We are evolved to be compassionate and collaborative in our quest to survive and thrive.
Marx’s
focus on materialist resource exchange in the traditional market
place missed the importance of the market place as a place for
building community solidarity that had less to do with resource
exchange and that overrides quantitative exchange calculations when
folks are in need of assistance. “From each according to his
ability, to each according to his need” already was the way for
many long before Marx. In many traditional African villages, Chiefs
were chosen – by the women – on the basis of what
they could generously provide to the whole village, not on the basis
of fighting ability or how many people they could manipulate and
control. Native American leadership was similarly constituted. Whole
communities came together regularly to help one another without the
expectation of exchange but with a longstanding practice of mutual
caring. Traditional communities exhibited the evolutionary human
being (community) at its highest potential. Europeans were the
savages not the indigenous peoples.
At
the time of the writing of The Constitution, in the upstairs rooms of
Constitution Hall, Benjamin Franklin hosted some of the leadership of
the Haudenosaune people, “people of the long house.” Franklin was
appreciative of the governance structure that the Haudenosaune had
put together to end the warring of five Native American nations: the
Mohawk, the Seneca, the Oneida, the Onondaga, and the Cayuga. Rather
than subdue each other in continuous wars – which solves nothing.

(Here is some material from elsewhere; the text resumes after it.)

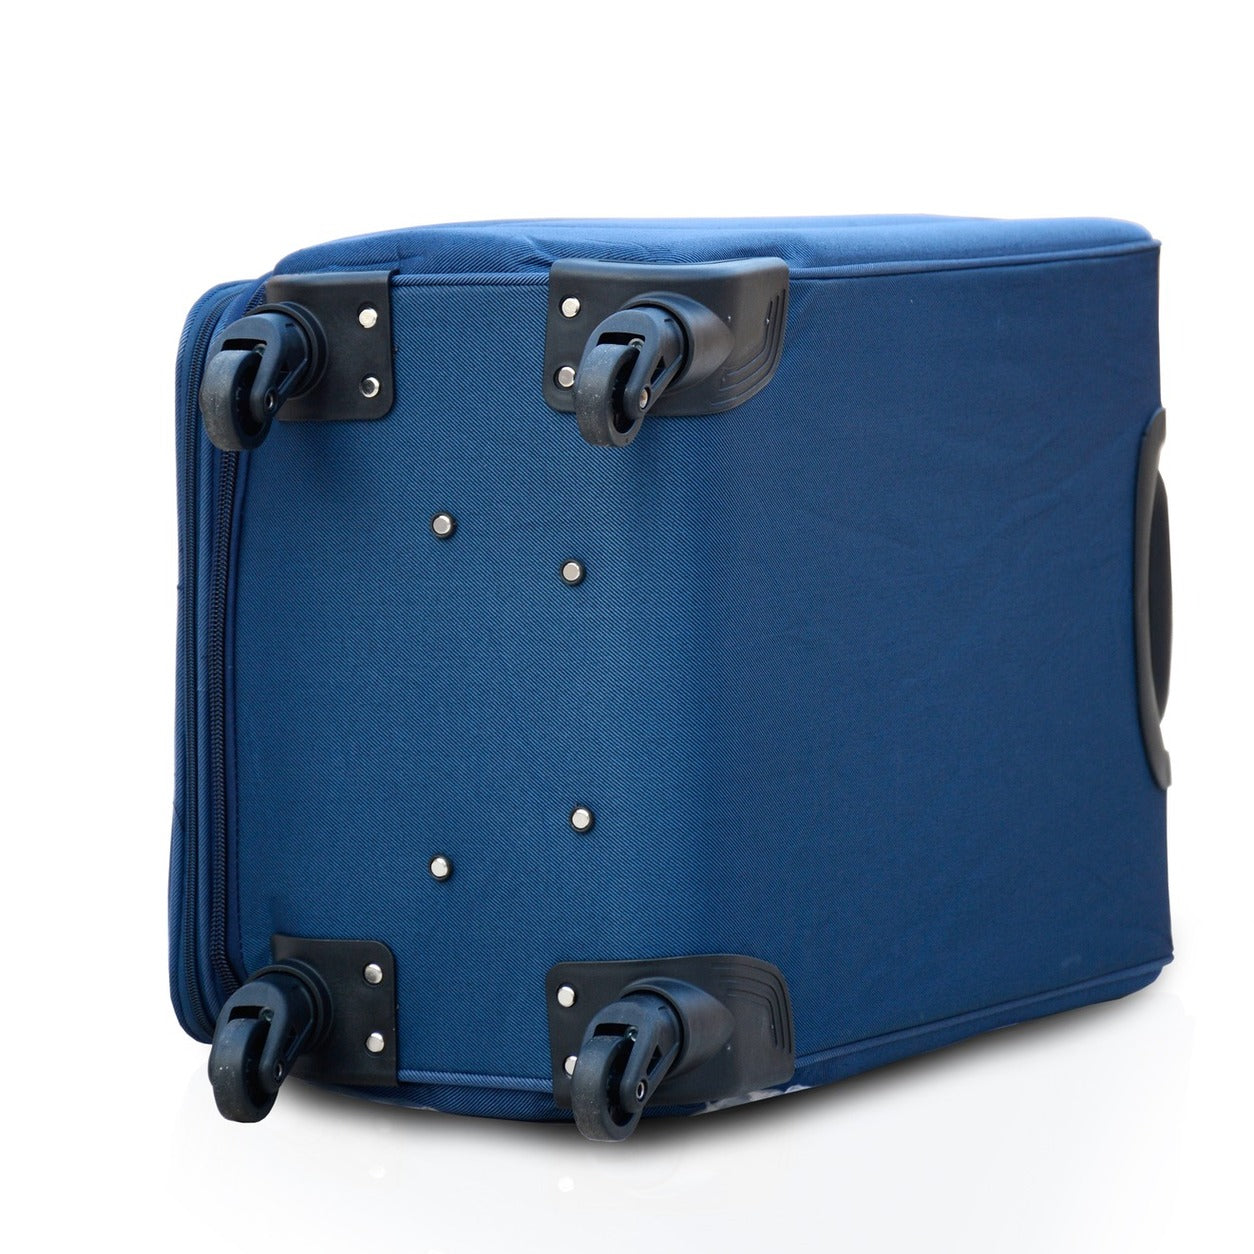 4 Piece Full Set 20" 24" 28" 32 Inches Blue Colour SJ JIAN 4 Wheel Luggage Lightweight Soft Material Trolley Bag
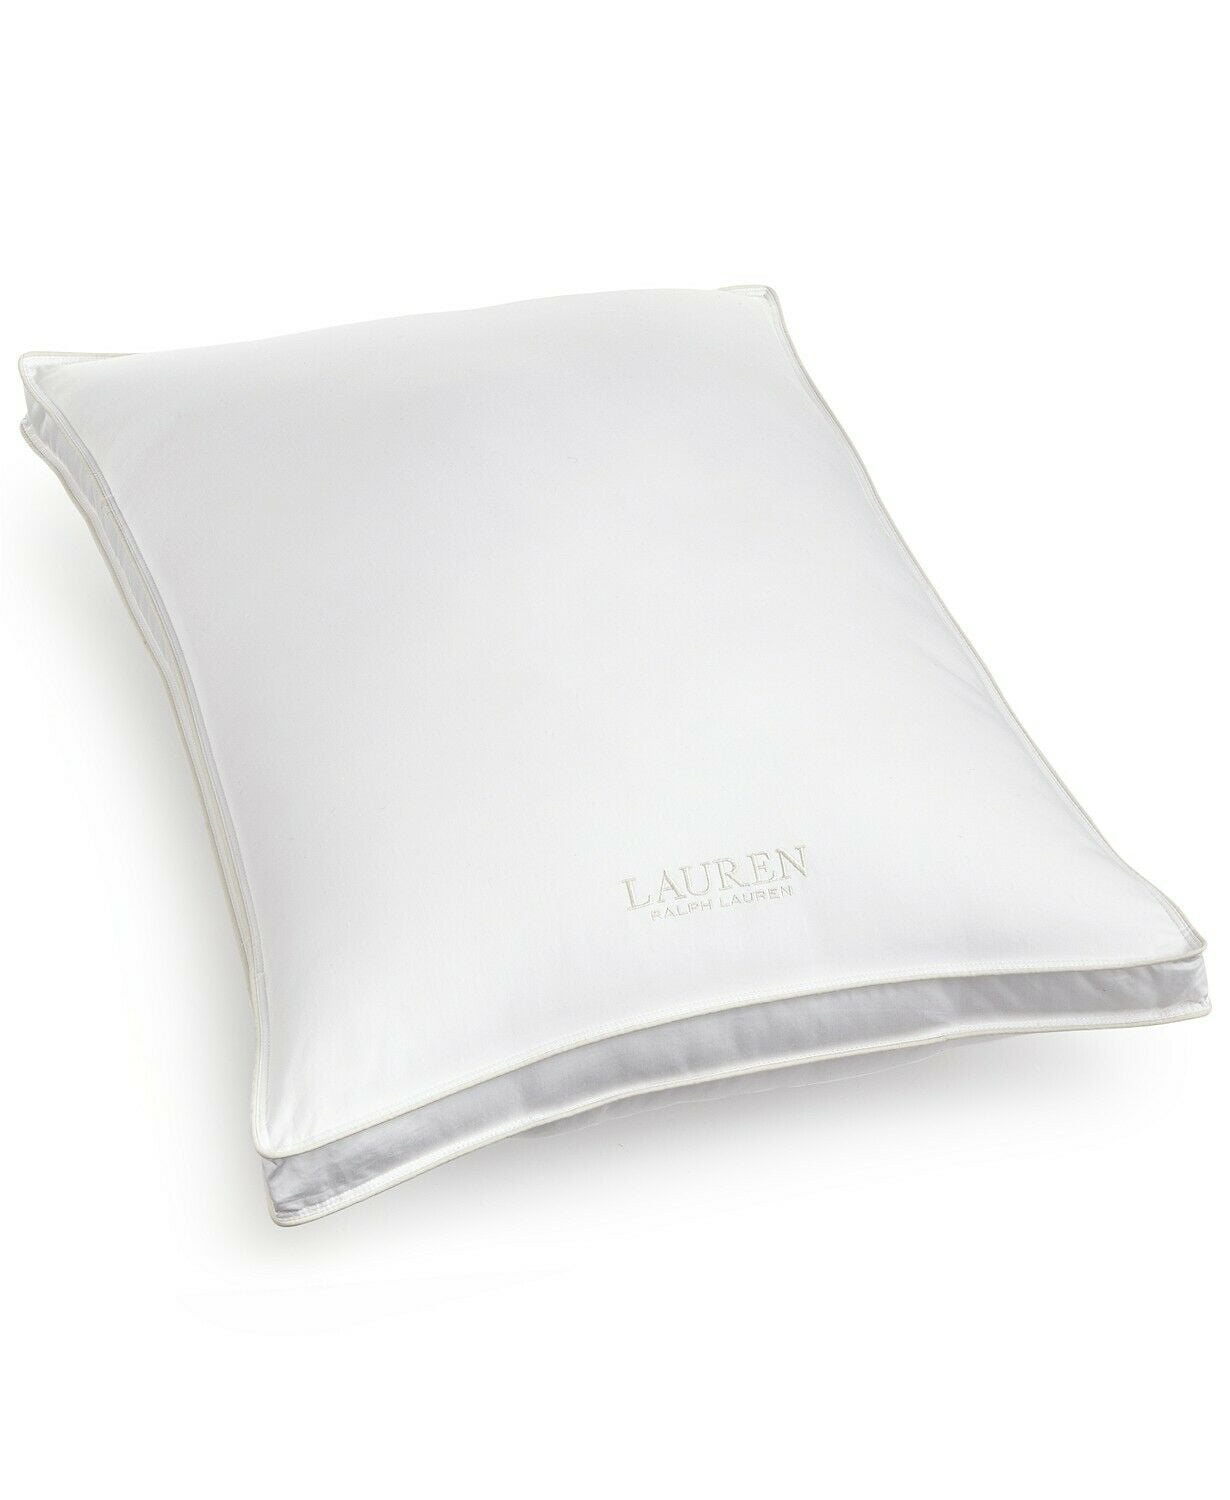 Lauren Ralph Lauren Lux-Loft Extra Firm Density Down Alternative Bed Pillow  KING

The women called for an end to fighting and supported the
Great Peace Maker, Skennenrahawi in Mohawk, who went from
tribe to tribe fashioning the greatest achievement for peace in human
history. The governance structure he brought together was based on a
high level of respect, deep listening, patience, and consensus
decision making that was sorely needed during Franklin’s time and
that is needed today.The
“survival of the fittest” model is now starting to collapse. With its
collapse it is subtly undermining many of the most powerful political,
economic, and social systems in the West, including capitalism.
Dulled
by the conceptualizations that arose from the Enlightenment, our
Founding Fathers were not able to summon the best of human
evolutionary capability. They fashioned a governing document that was
a step forward – for Europeans – but that fell far short of
capturing the best that we can do as evolved human beings. At its
core it is still about the doctrine of “survival of the fittest.”
For only propertied men was the power of the majority
ameliorated. Decisions were based on manipulated power and not
caring. Without an underlying caring value system, mechanisms to
protect the minority and to address the needs of communities and
peoples were inadequate and quickly over come.
After hundreds of years
the people in this country have returned to a junction where we can
move toward an evolutionary future with great harmonizing with nature
and widely practiced mutual caring. Or we can continue to wallow in
the self destructive detritus of the 18th century. We can
choose.
[Note:
Nafsi ya Jamii is the Swahili phrase that translates in English to
“The Soul Community”]
BlackCommentator.com
Columnist,
Wilson Riles, is a
former
Oakland,
CA City Council Member. Click
here
to
contact Mr. Riles.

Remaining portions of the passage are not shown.